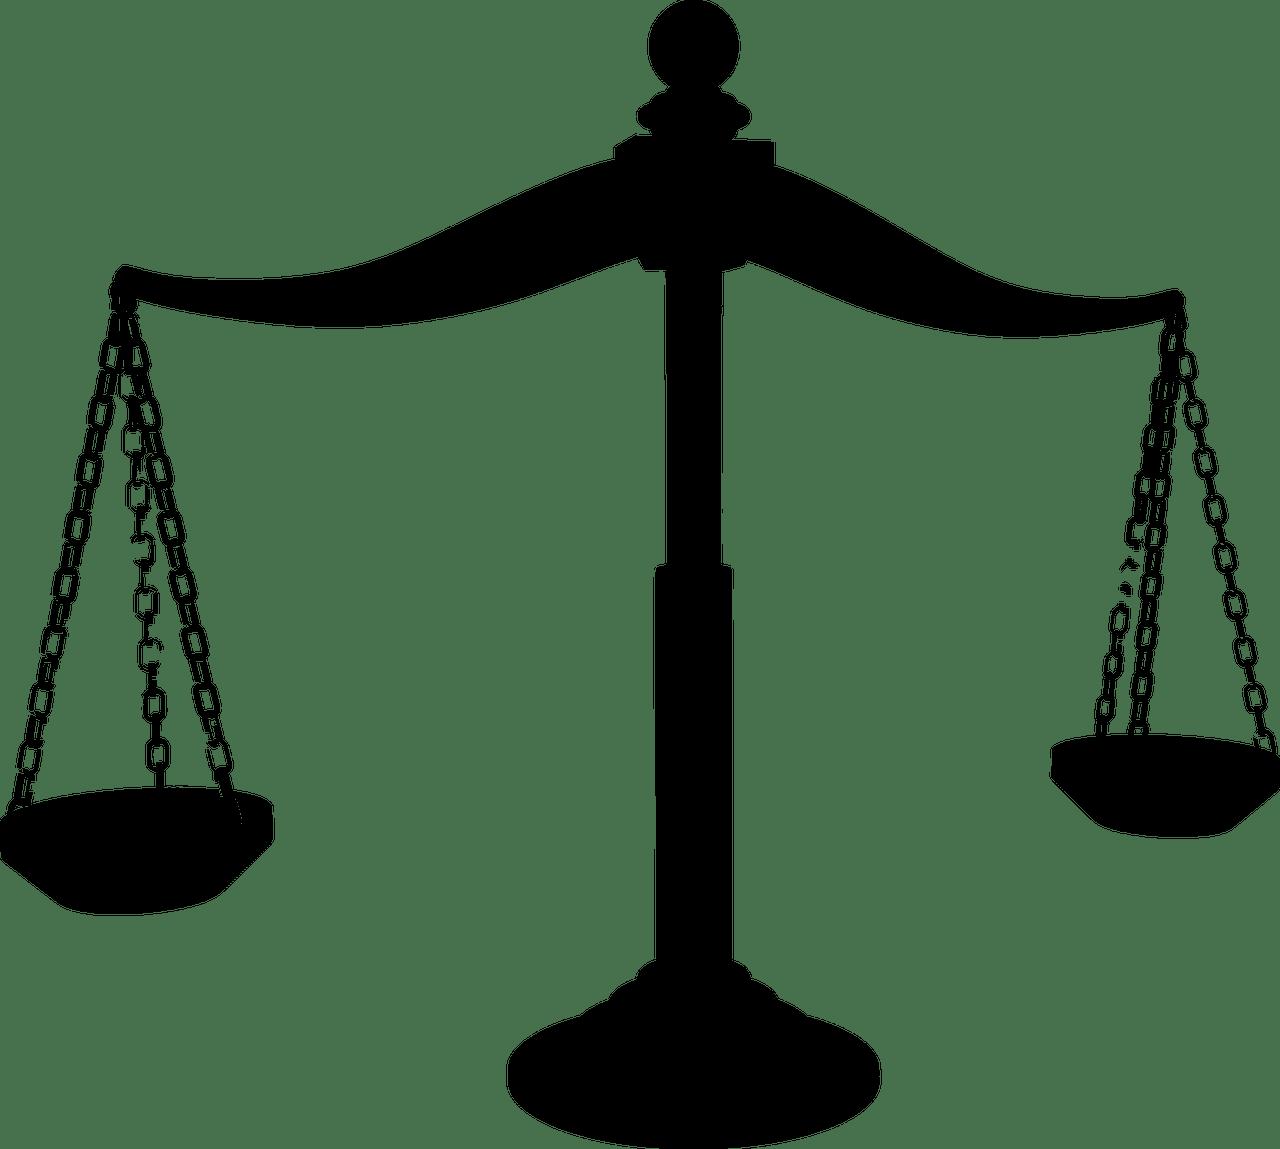 Laws clipart balance scale, Laws balance scale Transparent
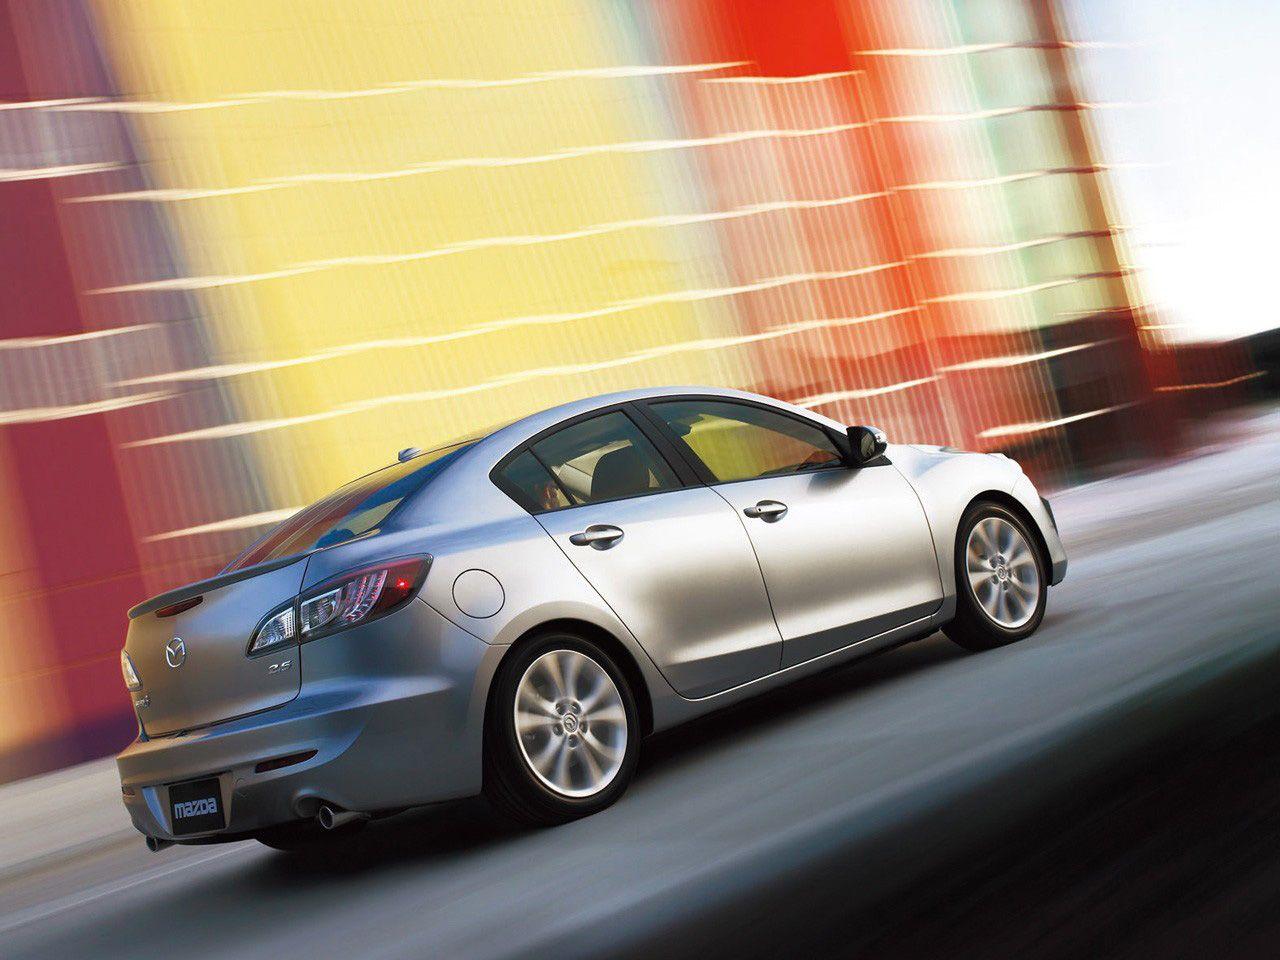 Mazda 3 Silver Side Rear Angle Moving Wallpaper 1280x960
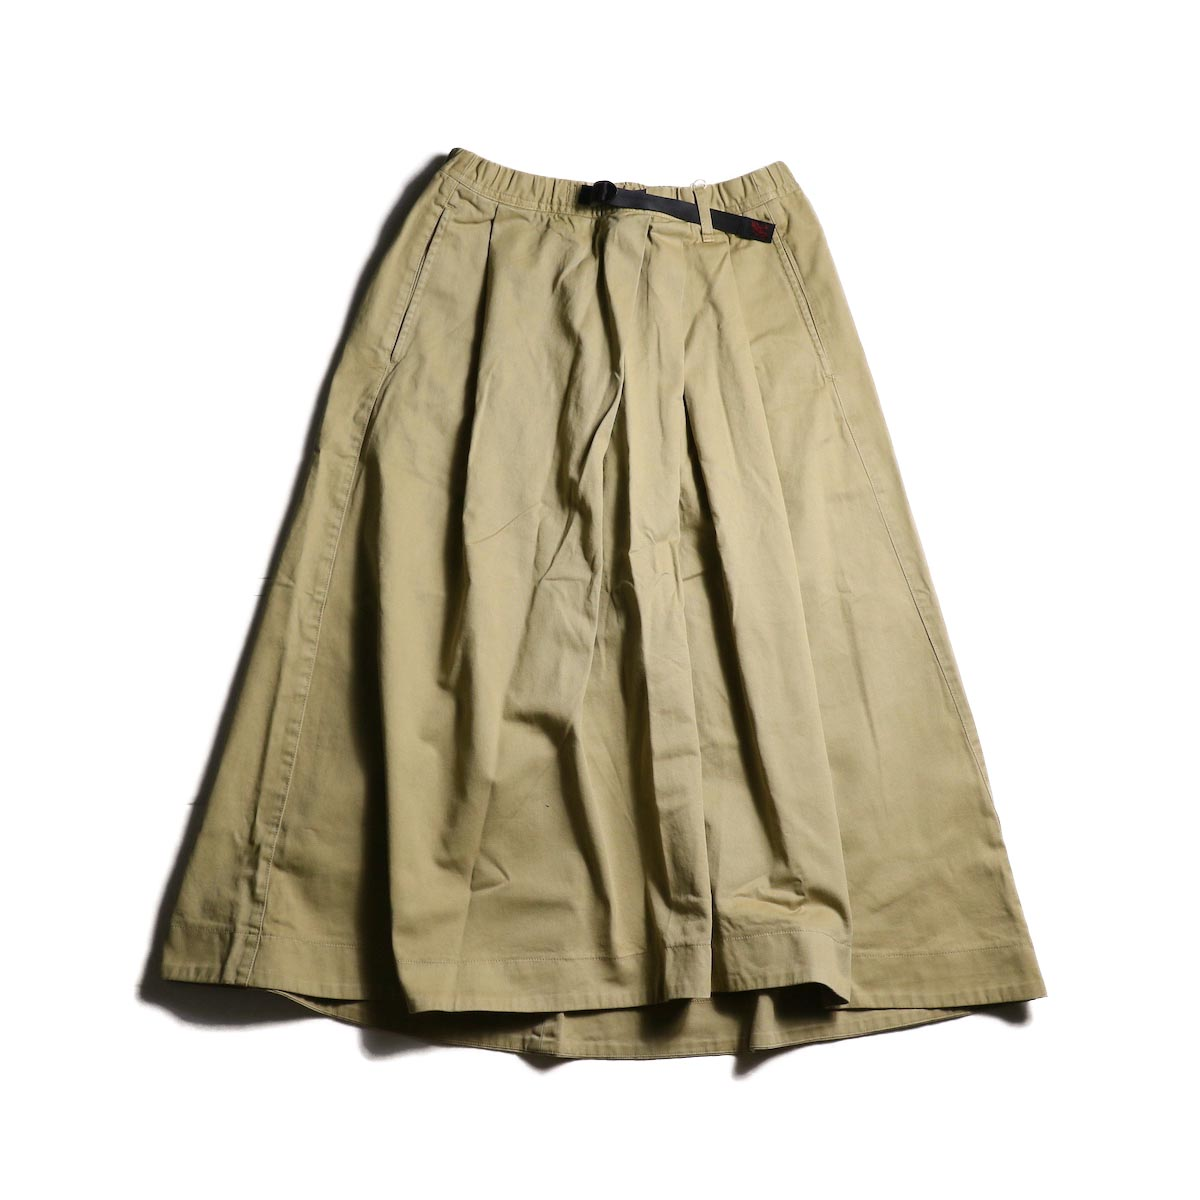 (Ladie's) GRAMICCI / Tale Cut Skirt (Chino)

┄┄┄┄┄┄┄┄┄┄

Since the pictures are not wanted, repeat only the rest of the material, exactly as given.

 Laws clipart balance scale, Laws balance scale Transparent
 Mazda 3 Silver Side Rear Angle Moving Wallpaper 1280x960
 (Ladie's) GRAMICCI / Tale Cut Skirt (Chino)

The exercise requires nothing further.